Из основных Шекспировских образов именно этот — ближе всего его сценической личности и даже его сценической технике. Для Отелло у него не хватало бы раскаленности страстей; Макбет был бы ему чужд по своей стихии. В Гамлете все — близкое. Одинаково звучит самая основная нота обеих натур. Гамлетовское уже просвечивало во многих прежних качаловских исполнениях, был этот гамлетовский привкус. Не потому, что так, с таким уклоном, комментировались актером играемые им роли, но потому, что таков тут, с таким характером, личный, лирический остаток, неразложимый сценическим перевоплощением. Именно потому, что так ощущался этот «лирический остаток», — напрашивалась мысль о роли, где бы Качалов свободно и широко развернул свою индивидуальность, не боролся с нею, но ее сценически утверждал. И то, что Качалов сценически не экспансивен, что в нем очень сильно начало мысли, — это также подходило для данной роли! Наконец, высокая духовная культура, мною отмечавшаяся, — она так нужна исполнению Гамлета, не меньше внешне-подходящих средств, материала чувств и виртуозности техники.

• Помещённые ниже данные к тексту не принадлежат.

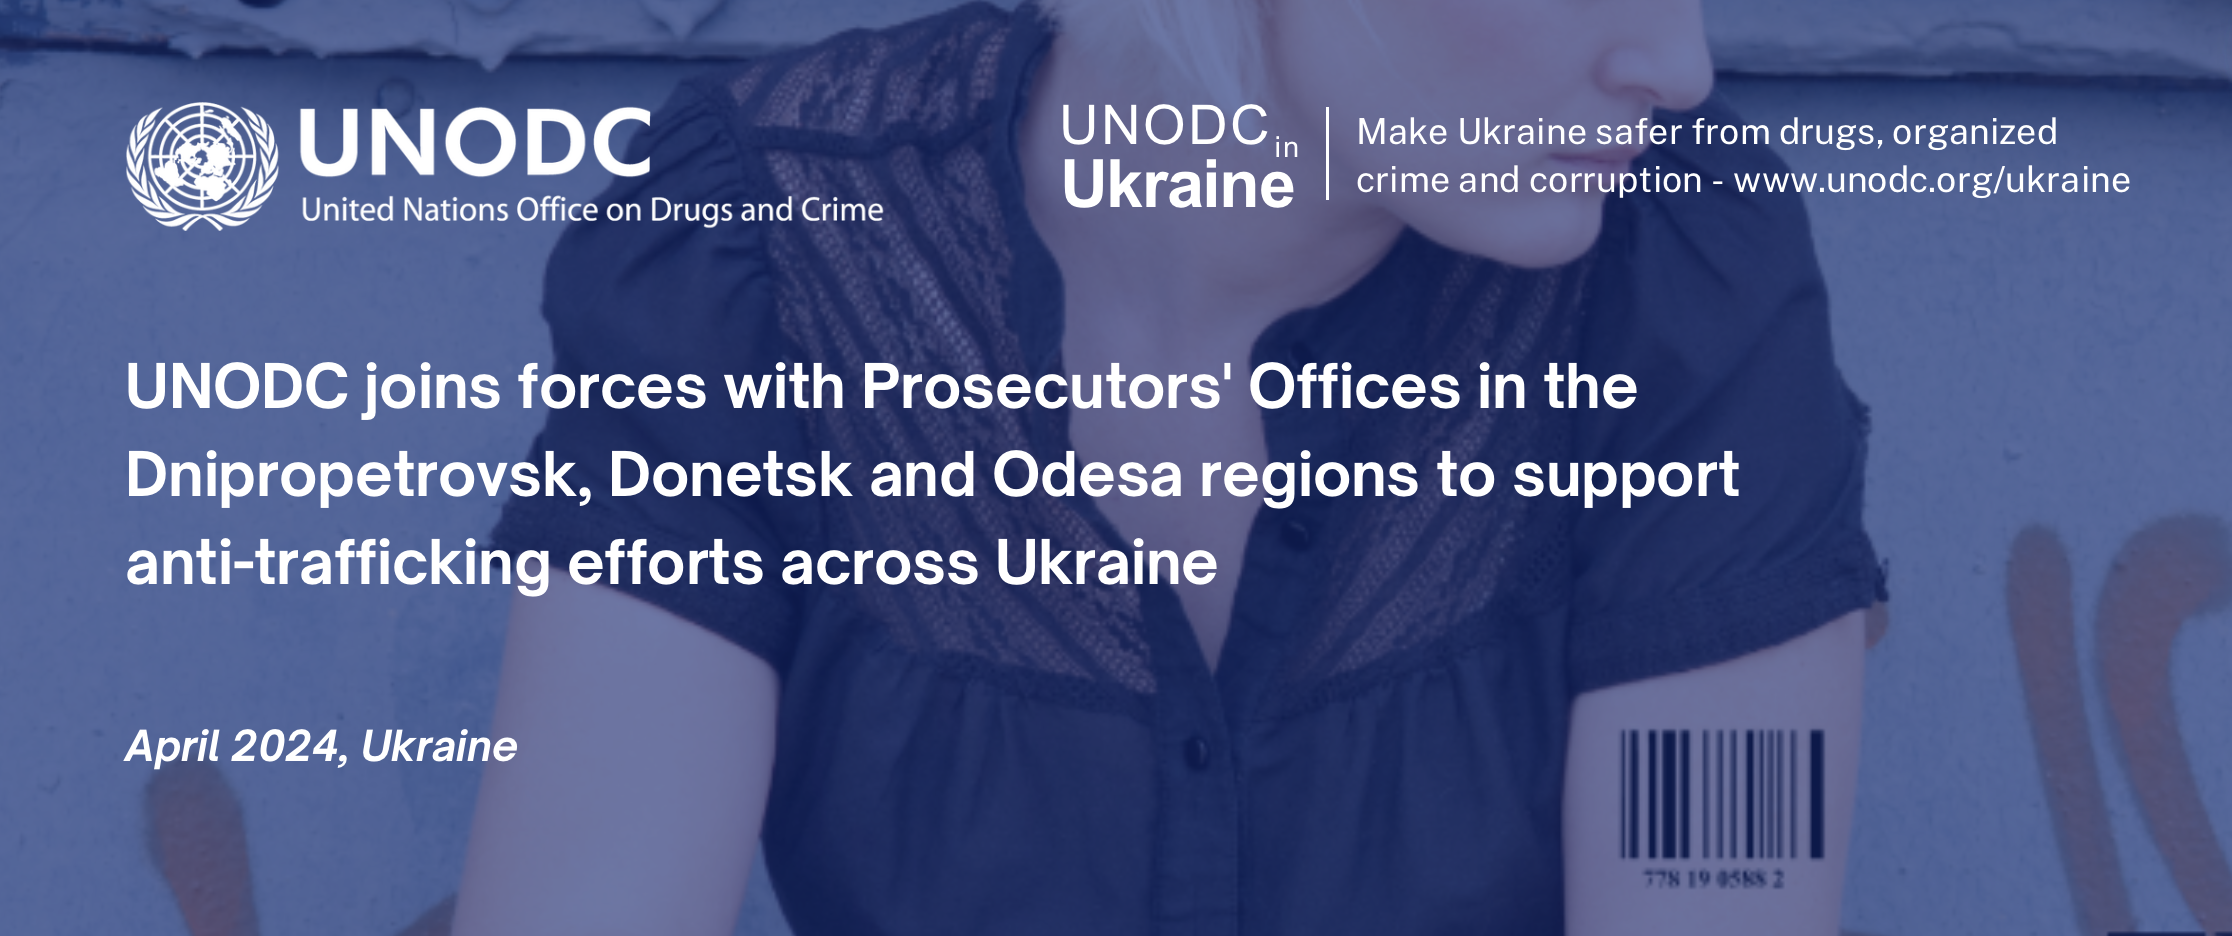 UNODC joins forces with Prosecutors' Offices in the Dnipropetrovsk, Donetsk and Odesa regions to support anti-trafficking efforts across Ukraine

Вокруг Гамлета наслоились целые пласты критики, самых различных пониманий. Потому каждый сценический Гамлет может быть кем-либо опорочен, как недостаточно верный. По-моему, верен тот, который оправдан данным сценическим исполнением. При таком отношении два совершенно различные Гамлета могут быть одинаково верны. И в этом-то смысле качаловский Гамлет был безусловно верный, потому что он был цельный и во всем оправданный исполнением. Да я думаю, — и по существу качаловский — один из самых верных.

Основным в этом Гамлете была великая скорбь, скорбь за человека и человечество, от того, что земля — «сад опустелый», что извращен идеальный образ человека, стал гримасою. Весь земной шар кажется этому Гамлету {359} тюрьмой, всюду шумит базар житейской суеты. Не воля подточена в качаловском Гамлете, но радость бытия. Отравлены самые ее истоки, потому что никаким героическим напряжением воли не победить торжества зла. Вот в чем «распалась связь времен». Таким воспринимался, и очень сильно, качаловский Гамлет с самого начала трагедии, с первых же сцен. Оттого игра Качалова была, пожалуй, и не очень уж динамична; не было последовательного раскрытия образа в трагической борьбе. «Монолог Гамлета звучит в устах Качалова как печальное, но уже вполне сложившееся размышление, которое он кому-то высказывает, а не как муки духовной борьбы, прорывающейся в молниях внезапной мысли»[cccxviii]. Статичность качаловского Гамлета вовсе не следует понимать, как безусловную. Есть и процесс изменений. Этот Гамлет вовсе не всегда себе равен на всем протяжении коллизий. Не безразлично явление тени убитого отца, взывающего об отмщении, не безразлична виновность Клавдия, порочность матери, любовь Офелии и к Офелии, не безразлично, что принят на душу долг отмстить. Но все это владеет временно. И не через это определяется существо качаловского Гамлета, его великая идеалистическая скорбь.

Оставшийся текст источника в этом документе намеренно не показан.